Cross-functional collaboration and communication happens when people with different skill sets and KPIs come together to work towards a greater goal, which is typically ROI-centric and critical to business success.

A cross-communication culture harnesses everyone's talents, tools, and expertise to hit business goals more efficiently and quickly.

Cross-functional product teams might contribute towards decreased churn rates and increased retention rates, upping product signups and activations, and MRR business growth.

5 benefits of cross-functional collaboration and communication

Knee-deep in user research and release notes, it can be easy for product managers and your teams to work in silos, forgetting you have a diverse team behind you working towards the same goals.

When product teams fully realize the support available from other teams, you can collectively work towards goals faster and more efficiently than ever before.

Plus, when you implement a cross-functional communication strategy in your product team, you're more likely to avoid project management challenges like miscommunication, unnecessary product renditions, and workforce conflicts.

Here are five benefits of cross-functional collaboration and communication:

1. Shared data

Marketing, sales, finance, and customer success—every team within an organization has a unique set of data insights that can prove extremely valuable to the product design process.

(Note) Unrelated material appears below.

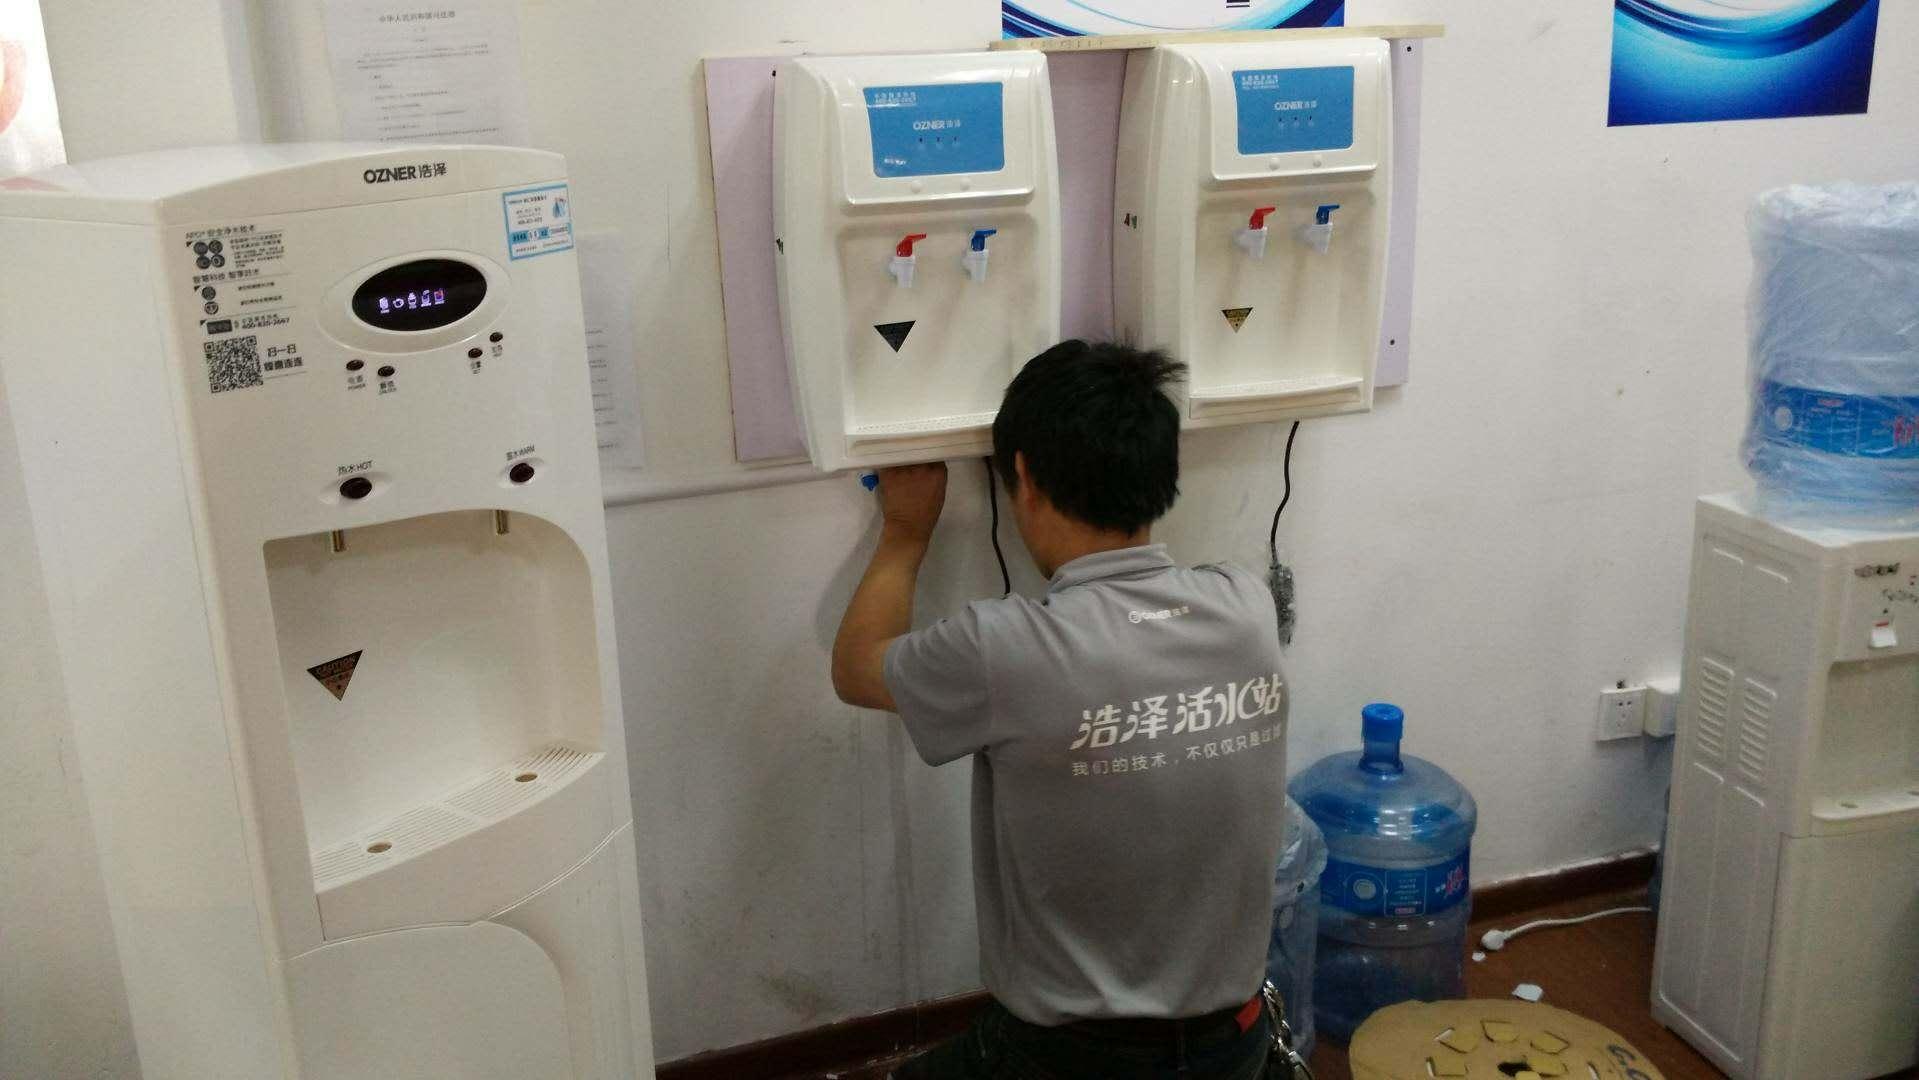 苏州浩泽净水器

A cross-functional communication culture encourages teams to share their data in an empathetic way, conscious of the person receiving that data. For example, going beyond just emailing a data export by recording a short explainer video. This way, someone from another team can easily understand and use the data to their advantage.

2. Increased innovation

Collaborative teams are innovative teams: work is shared more, opinions and expertise are exchanged, and projects get diverse input—which leads to more empathetic and inclusive products.

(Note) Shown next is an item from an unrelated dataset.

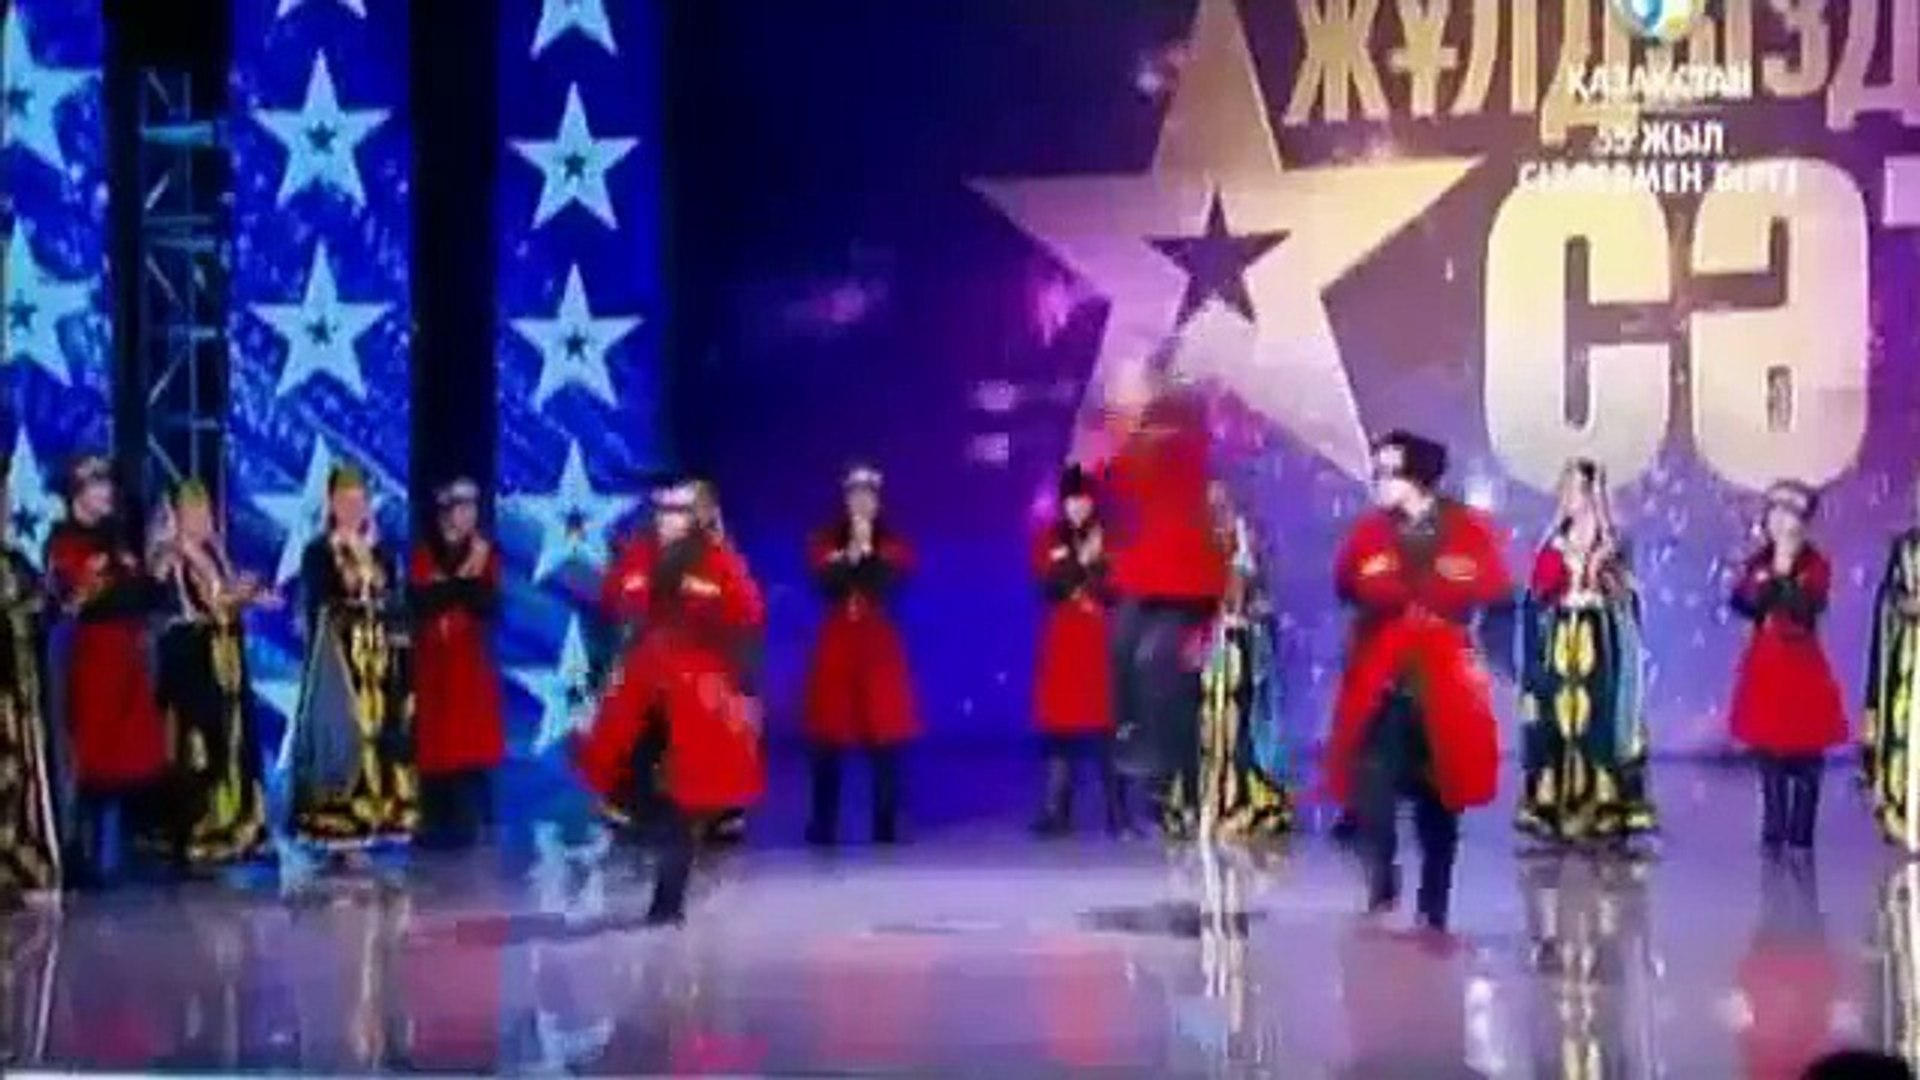 عرض راقص كلهم يرقصون رقص رهيب برنامج المواهب got talent

For example, when you open your product build to other key members of the business, you collect insights that revolve around other business pillars. Inputs from support, marketing, and sales can all shed light on varying customer needs. At the same time, inputs from others within the product team can dive deeper into jobs to be done (JTBD).

Molly Hellerman, global head of innovation programs at Atlassian, stresses the importance of cross-functional collaboration and innovation—especially in the digital space. Hellerman says, “to encourage wider collaboration; companies must tear down information silos [...] the more you include people and get their ideas early, the faster you can iterate.”

3. Develop a common language and inclusive culture

Product teams sometimes develop a language of their own when it comes to operations. Whether you do this intentionally—like the Spotify Squads culture—or unintentionally—and the language emerges naturally—it can be hard for other teams to decode and meet your product team on the same page.

A cross-collaboration culture combats product-centric language and uses common language in a style that all departments and talent can understand. This helps battle miscommunication and builds a more inclusive company culture.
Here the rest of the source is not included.